### Activity
Exactly reproduce the lines from the one containing "Sample sale - baby blue dog sweater L" through the last line of the data, both ends included, leaving out pictures.

### Exercise data
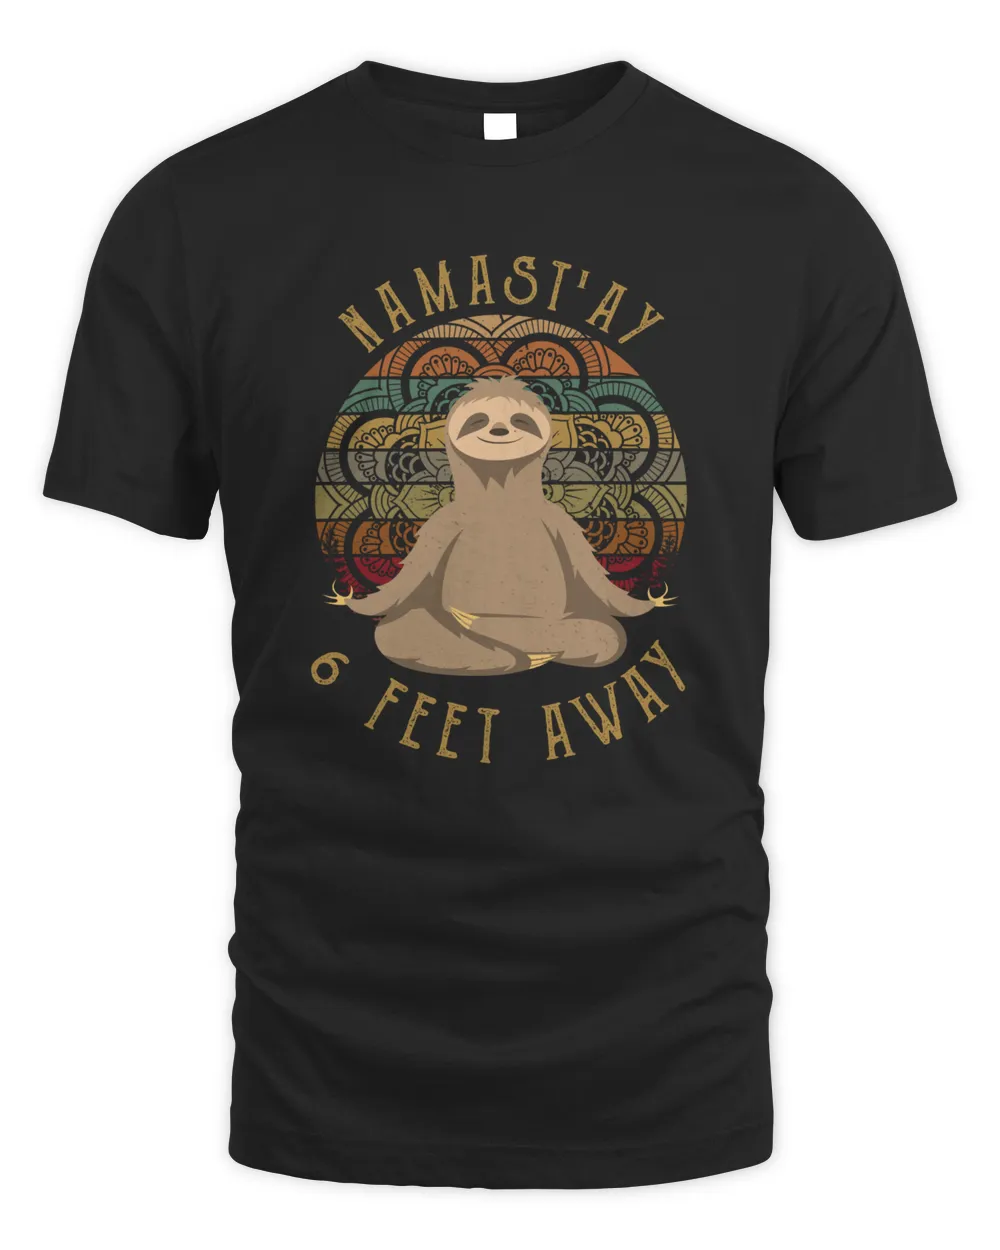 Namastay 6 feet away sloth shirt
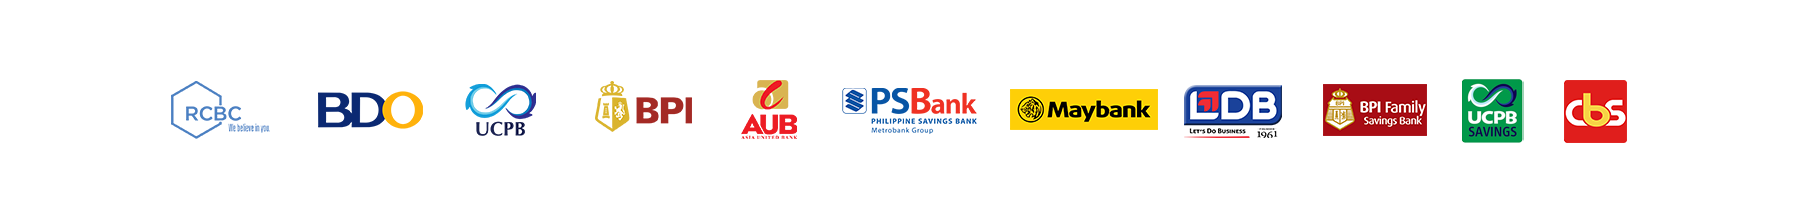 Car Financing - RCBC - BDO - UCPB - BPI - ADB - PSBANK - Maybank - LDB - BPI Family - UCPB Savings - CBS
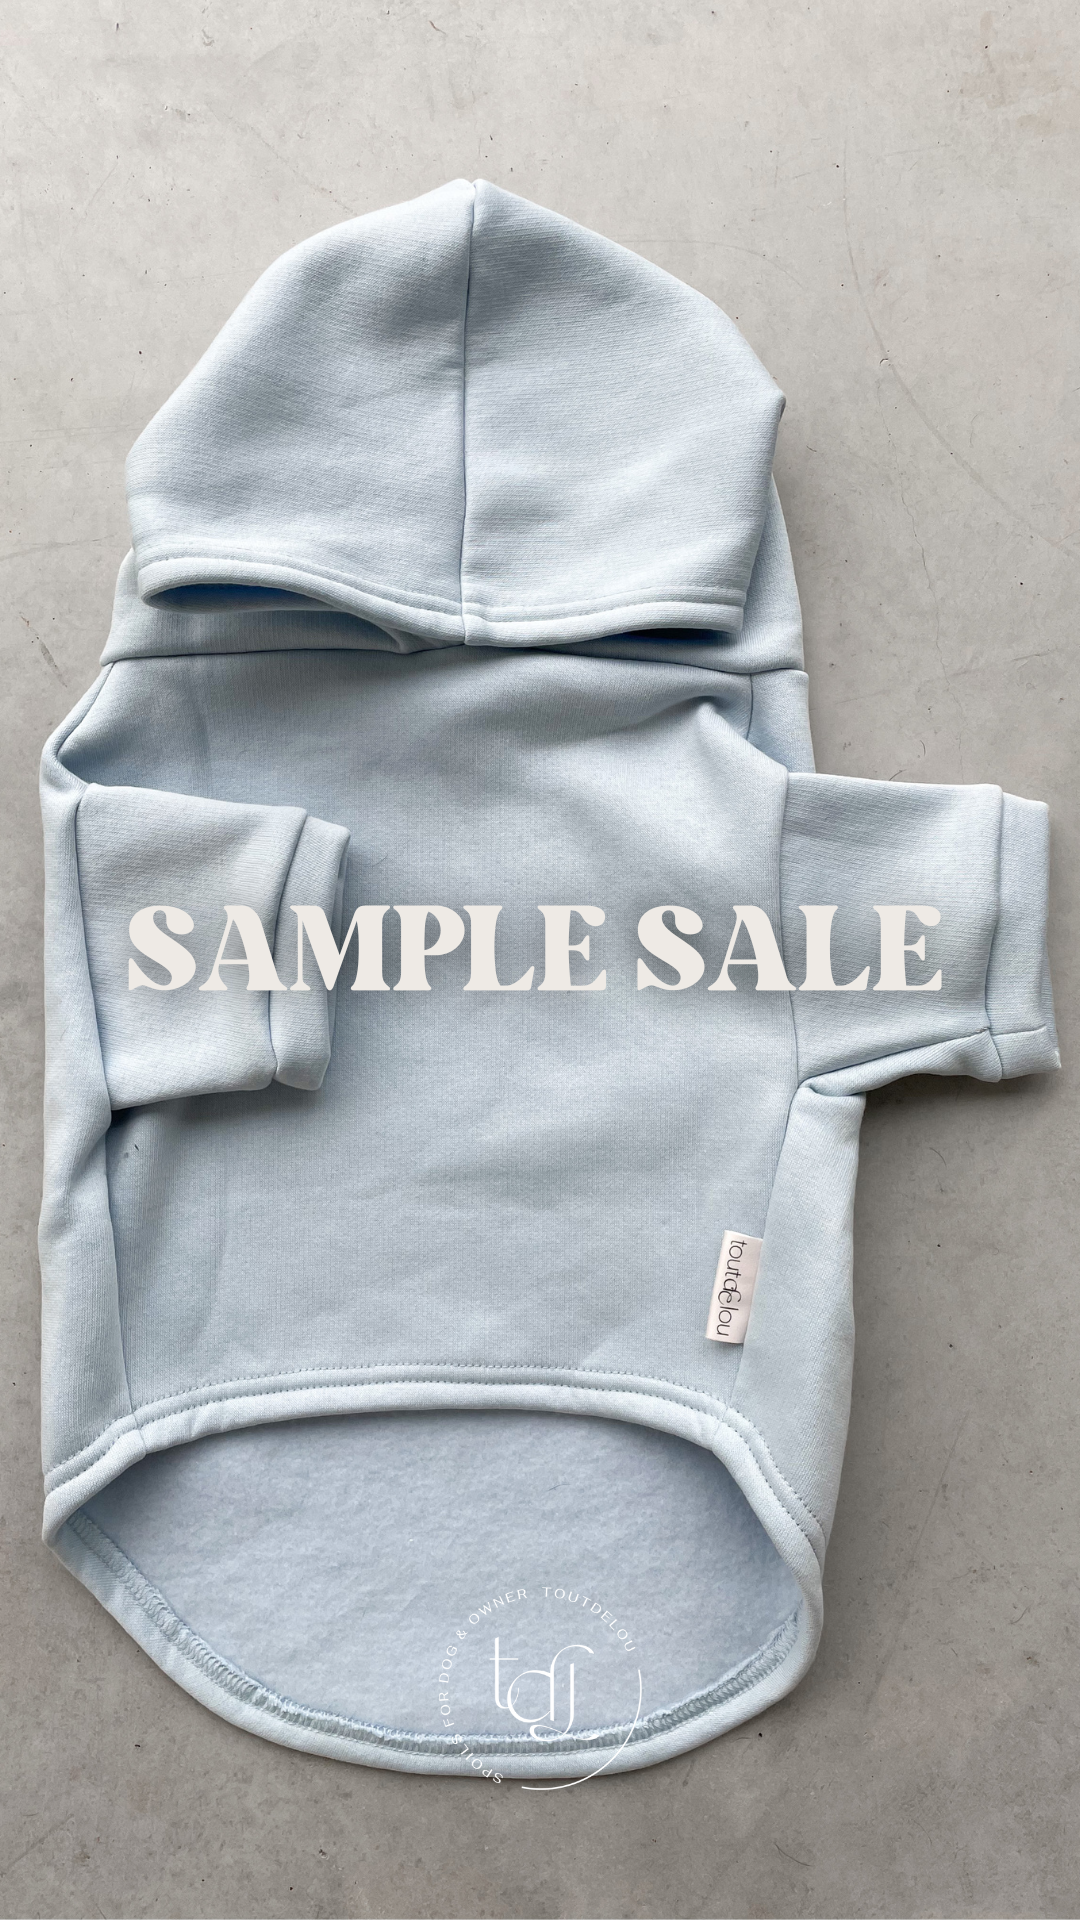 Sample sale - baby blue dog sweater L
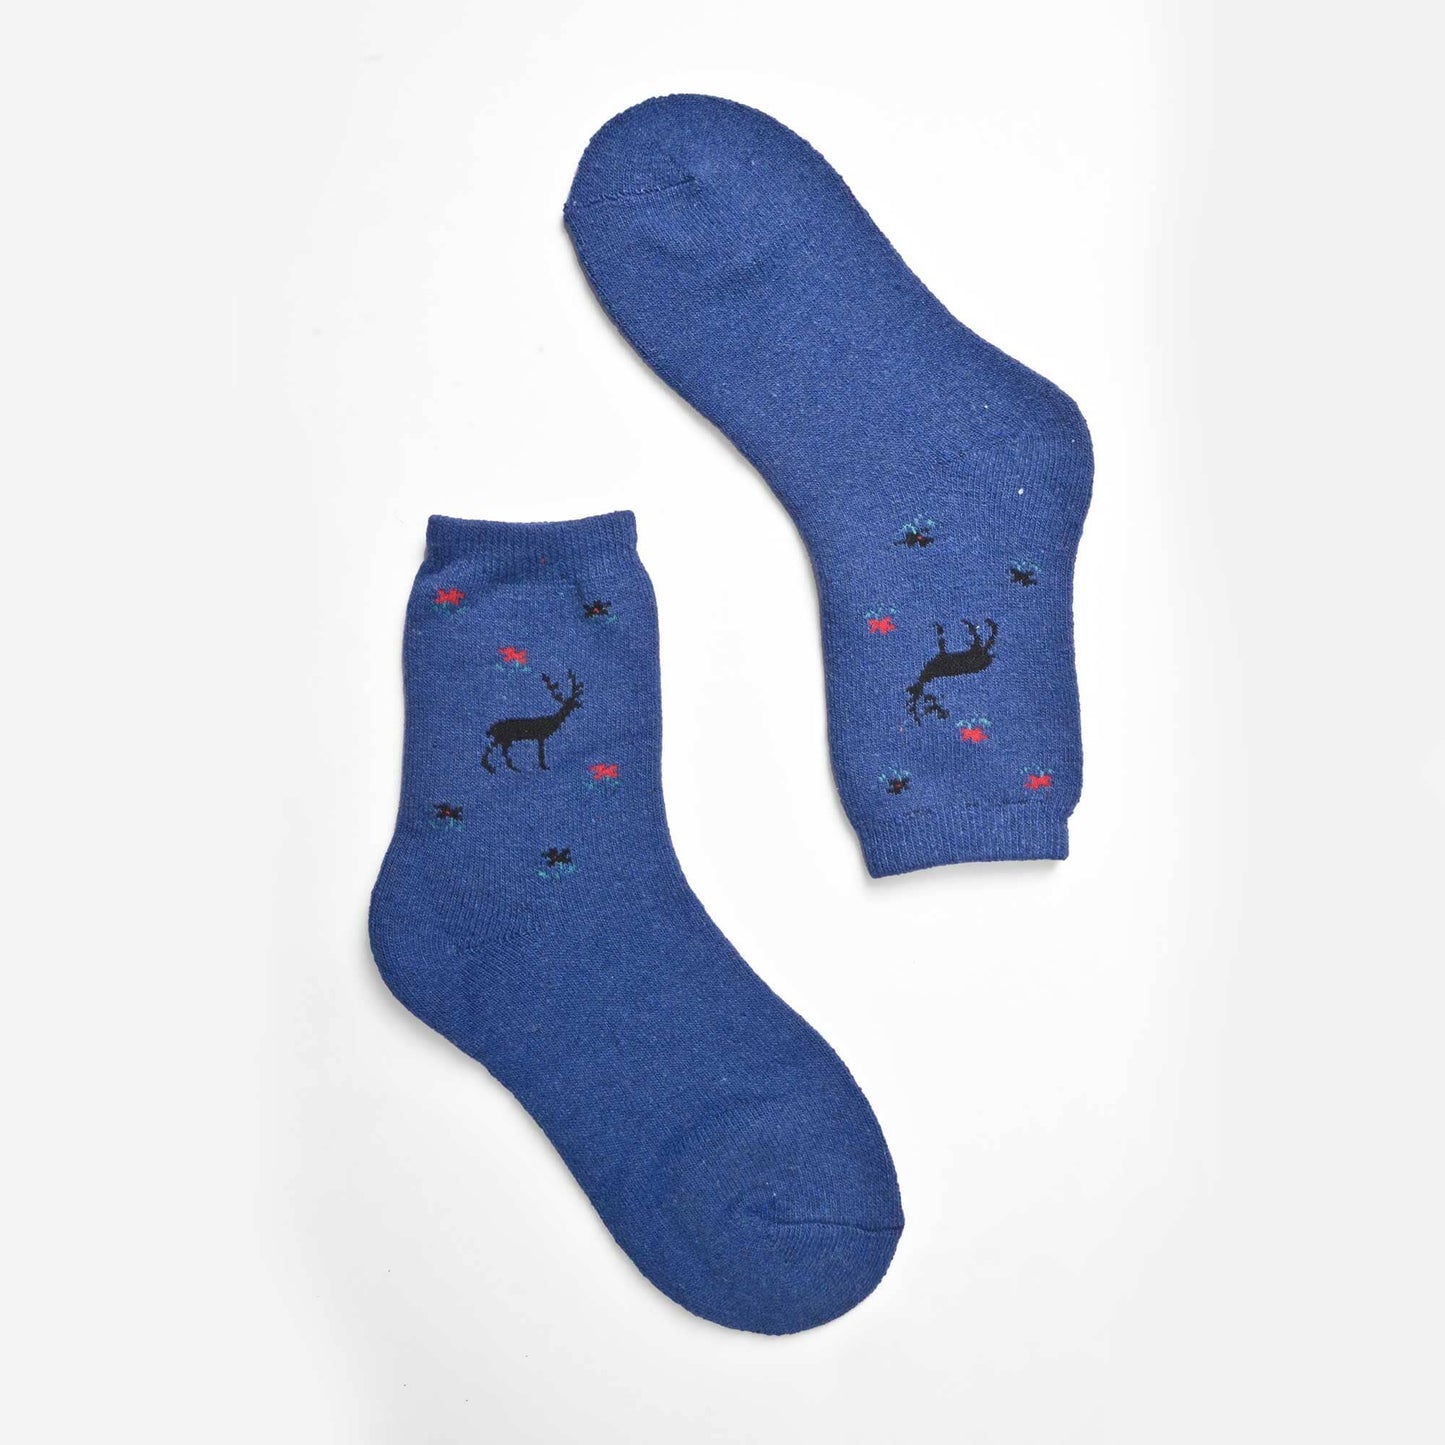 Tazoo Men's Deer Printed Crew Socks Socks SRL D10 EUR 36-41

### Answer below
 Sample sale - baby blue dog sweater L
 Tazoo Men's Deer Printed Crew Socks Socks SRL D10 EUR 36-41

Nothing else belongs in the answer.